There are three main players in the web server market: Apache, IIS, and Netscape. The top sites use these three about equally, although Apache dominates in the overall web server market. Of the Top Sites, about 70% use CGI programming. The three main scripting extensions used are ASP, Perl and PHP. The source of these stats is Nathan Wallace at www.e-gineer.com.

PHP3 and PHP4 have Interbase 5.x and Interbase 6 support respectively and allow easy development of Web sites which interact with Interbase.

Installing Apache with PHP3 Support

Most installations of Linux have the Apache package on the CD, and most default installs will install Apache. However, I suggest you remove that package, and then download the latest versions of Apache and PHP(3 or 4, depending on whether you need Interbase 5 or Interbase 6 support). Then follow the instructions found at Synectics Software to install them. Here is a very short list of the steps required. These steps assume that Apache has been downloaded and extracted into /usr/local/etc/httpd, and PHP has been put into /usr/local/etc/php. Furthermore, the Apache configuration files, and PHP's inititialization file go into /www/conf.

The latest Apache build can be found at Apache's ftp site while PHP can be downloaded from PHP's ftp site.

First configure the Apache makefiles:

   cd /usr/local/etc/httpd
   ./configure --prefix=/usr/local/etc/httpd --sysconfdir=/www/conf
Now make the executables: This can take quite a few minutes.
   make
Now install apache:
   make install

Now configure PHP3 with support for Apache and Interbase, then make and install the package:

   cd /usr/local/etc/php
   ./configure --with-apache=../httpd --with-interbase=/usr/interbase --with-config-file-path=/www/conf --enable-track-vars
   make
   make install

Now we need to rerun the Apache configuration program, this time with PHP3 support, run 'make' again, and 'make install' again:

The previous invocation of 'configure' created a script 'config.status' which can be run to re-configure Apache with the same options. We need to do that, as well as add a new option for PHP3 support, then make again, and install again:

   cd /usr/local/etc/httpd
   ./config.status --activate-module=src/modules/php3/libphp3.a
Now redo the make sequence:
   make
   make install

Now we need to put the default PHP3 INI file in the correct place:

   cd /usr/local/etc/php
   cp php3.ini-dist /www/conf/php3.ini
We need to configure the Apache httpd.conf file in order that Apache will pass certain files extensions to PHP3:
   cd /www/conf
Now edit httpd.conf, and uncomment the lines referring to php3:
   AddType application/x-httpd-php3 .php3
   AddType application/x-httpd-php3-source .phps
You can add other extensions if you like:
   AddType application/x-httpd-php3 .phtml

Apache and PHP are now installed. Apache needs a fair amount of configuring before you can build your web site. Go to Synectics Software for instructions on how to do this. There are also links to other sites which have much more detail.

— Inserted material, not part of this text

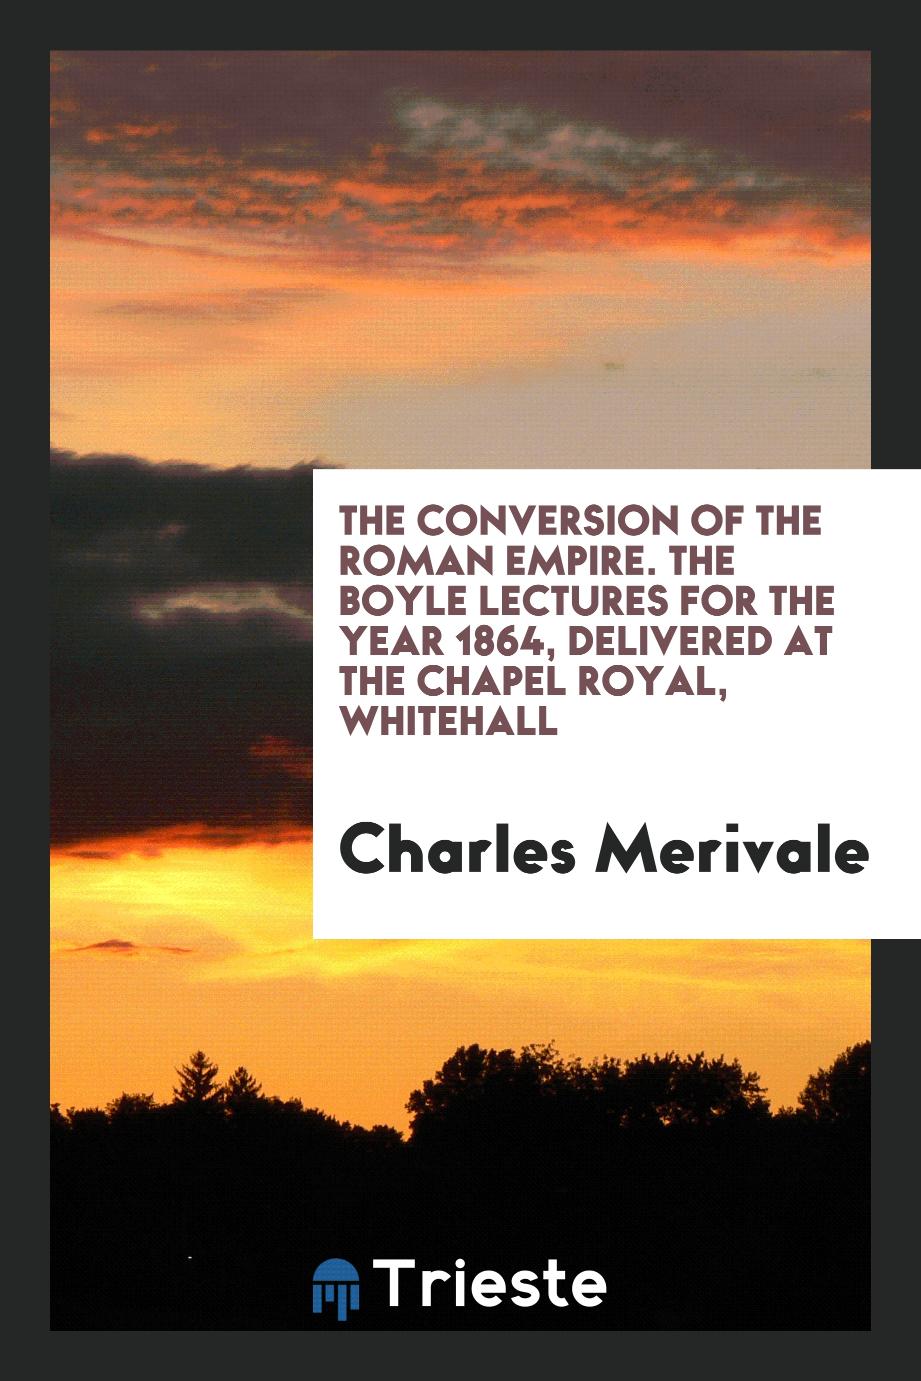 The Conversion of the Roman Empire. The Boyle Lectures for the Year 1864, Delivered at the Chapel Royal, Whitehall

Introduction to PHP programming

PHP3 and Interbase is remarkably easy to use. However the manner of programming CGI apps is quite a paradigm shift from ordinary programming in the Windows or Unix/Linux world. This little app that I am going to use to demonstrate some techniques is based on the standard EMPLOYEE.GDB database supplied with Interbase. I have added one field (PIC BLOB) to the employee table, which I populated with some jpeg images. A backup of this database is included in the supplied source code.

I also added a couple of tables to cater for the authentication (login) side of things, but these are explained as we go along.

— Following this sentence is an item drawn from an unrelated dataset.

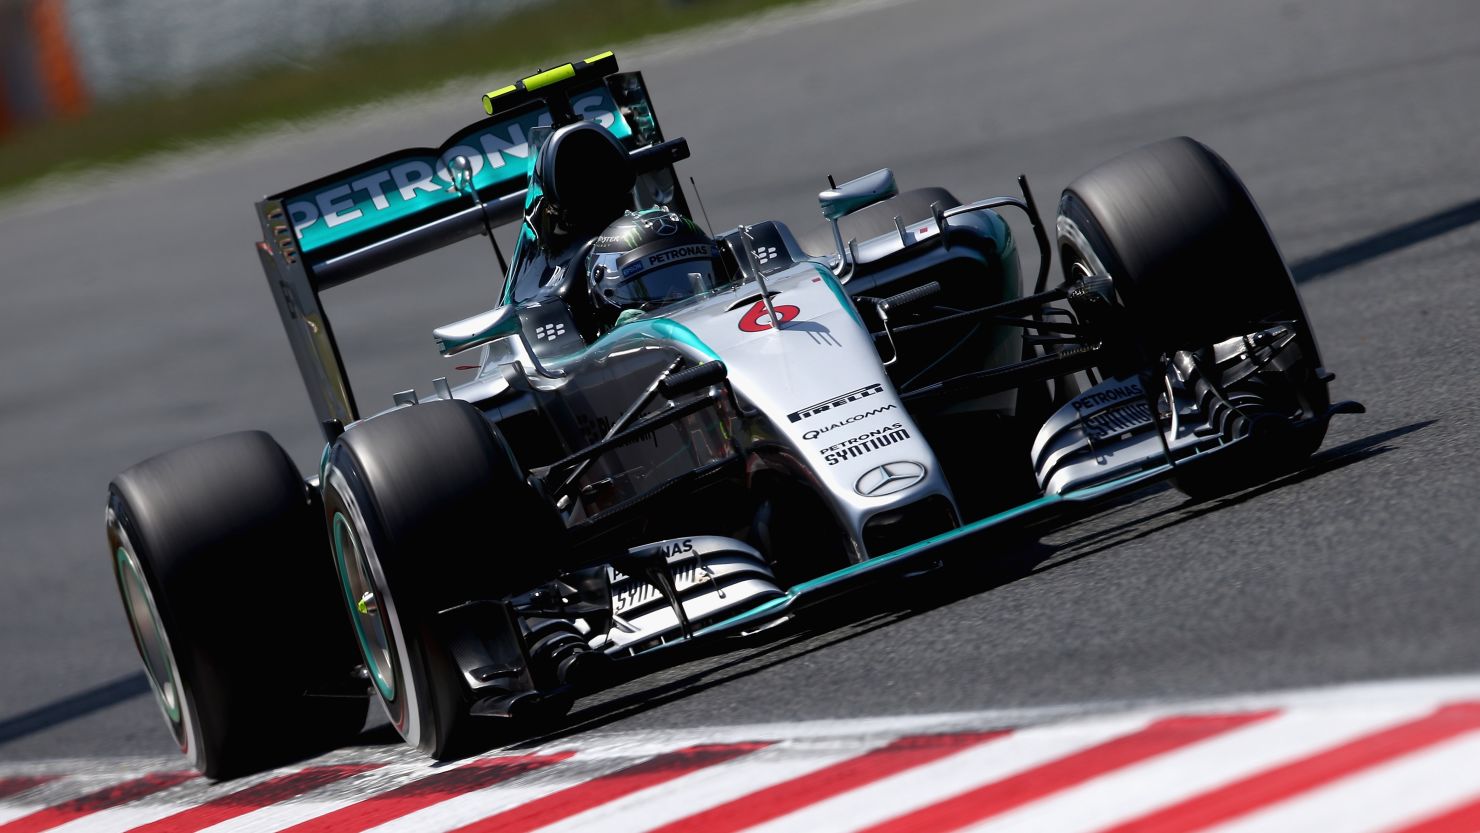 Nico Rosberg headed the timesheets during Saturday's qualifying for the Spanish Grand Prix.

In a nutshell, the app allows one to login to the database within your favourite browser, and then examine the details of those employees to whom you have been granted access. In this simple application, rights to view employees is granted on the departmental level.

There is also a page where the user is allowed to modify the salary of the employee being viewed. This is then updated in the database.

The Basics

When requesting a document from a web server with a file extension recognized by Apache as being a PHP3 document (usually .php3 or .phtml), Apache runs the document through the PHP3 module, and PHP3 decides what to present to the browser. If some or all of the contents of the documents is within the PHP3 start and end tags (<?php and ?>), then PHP3 will execute that portion as a PHP3 script. The rest of the document, usually ordinary HTML and/or other scripting languages like Javascript, is passed through to the browser.

So an example would look something like this:

   <HTML>
   <BODY>
   <P><H2><A NAME="basics">The Basics</A></H2>
   <P>When requesting a document from a web server etc etc etc

   <?php
   $SECTIONNO=6;
   include ("showcomments.php3");
   ?>

   <P><H2><A NAME="scope">A Word about Variable Scope</A></H2>
   <P>Like all programming languages etc etc etc

   <?php
   $SECTIONNO=7;
   include ("showcomments.php3");
   ?>

   </BODY>
   </HTML>
      

Within the PHP3 start and end tags, you have full access to the PHP3 scripting language. Most commonly one writes code here to access data, and then one generates HTML which displays this data. PHP3 has a function called 'echo', and any text which is echo'ed is sent to the browser. Typically one echoes HTML or plain text. Here is an example:

   <?php
     $MyColor="red";
     echo "<FONT color=$MyColor>This is written in RED</FONT>"; 
   ?>
This displays in the browser like this:

This is written in RED

You will see that I had a variable called $MyColor (all variables start with $) which contains the value of the color I want to use. This could of course have been looked up in a database. PHP3 then substitutes the value of the variable whenever required.

If you look at the page source in your browser, you won't find any references to the PHP3 code. The PHP3 module does not pass it on to the end user's browser. Only the output (if there is any) of the script is sent to the browser. So if you embed usernames and passwords in the code, this will not be seen by the end user.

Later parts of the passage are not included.